Using the listing that follows, filter out every line lacking the string "pattern" and return the rest.

Top of Available data

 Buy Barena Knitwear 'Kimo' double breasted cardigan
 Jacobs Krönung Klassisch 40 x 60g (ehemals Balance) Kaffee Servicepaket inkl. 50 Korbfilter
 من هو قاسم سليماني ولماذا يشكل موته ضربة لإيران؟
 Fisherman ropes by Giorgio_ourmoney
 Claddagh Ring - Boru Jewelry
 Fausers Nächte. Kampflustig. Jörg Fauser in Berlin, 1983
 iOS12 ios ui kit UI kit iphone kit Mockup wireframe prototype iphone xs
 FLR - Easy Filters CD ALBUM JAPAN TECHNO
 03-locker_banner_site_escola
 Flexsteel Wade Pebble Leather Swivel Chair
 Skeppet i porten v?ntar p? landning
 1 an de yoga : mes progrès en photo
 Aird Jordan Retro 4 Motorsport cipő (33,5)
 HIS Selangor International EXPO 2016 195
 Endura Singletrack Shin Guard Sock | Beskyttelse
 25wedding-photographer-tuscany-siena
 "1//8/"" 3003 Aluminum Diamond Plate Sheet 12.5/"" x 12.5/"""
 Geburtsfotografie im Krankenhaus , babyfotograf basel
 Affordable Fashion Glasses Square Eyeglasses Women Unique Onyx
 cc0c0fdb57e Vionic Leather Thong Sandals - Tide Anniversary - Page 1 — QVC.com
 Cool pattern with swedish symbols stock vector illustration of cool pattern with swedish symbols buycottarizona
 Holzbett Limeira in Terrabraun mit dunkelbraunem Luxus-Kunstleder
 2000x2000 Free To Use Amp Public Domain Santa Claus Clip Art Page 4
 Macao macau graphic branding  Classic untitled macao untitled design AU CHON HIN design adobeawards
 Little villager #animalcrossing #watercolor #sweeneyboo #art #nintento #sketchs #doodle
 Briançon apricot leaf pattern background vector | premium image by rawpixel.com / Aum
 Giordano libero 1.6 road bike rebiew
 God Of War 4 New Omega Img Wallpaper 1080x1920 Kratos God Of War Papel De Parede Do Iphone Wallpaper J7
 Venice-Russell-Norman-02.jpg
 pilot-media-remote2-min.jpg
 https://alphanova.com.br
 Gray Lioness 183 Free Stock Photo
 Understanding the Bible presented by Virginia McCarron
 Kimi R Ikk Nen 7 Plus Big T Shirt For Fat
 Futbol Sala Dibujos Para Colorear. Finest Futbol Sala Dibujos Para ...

Bottom of Available data

▶ [Response to this task]:
 Cool pattern with swedish symbols stock vector illustration of cool pattern with swedish symbols buycottarizona
 Briançon apricot leaf pattern background vector | premium image by rawpixel.com / Aum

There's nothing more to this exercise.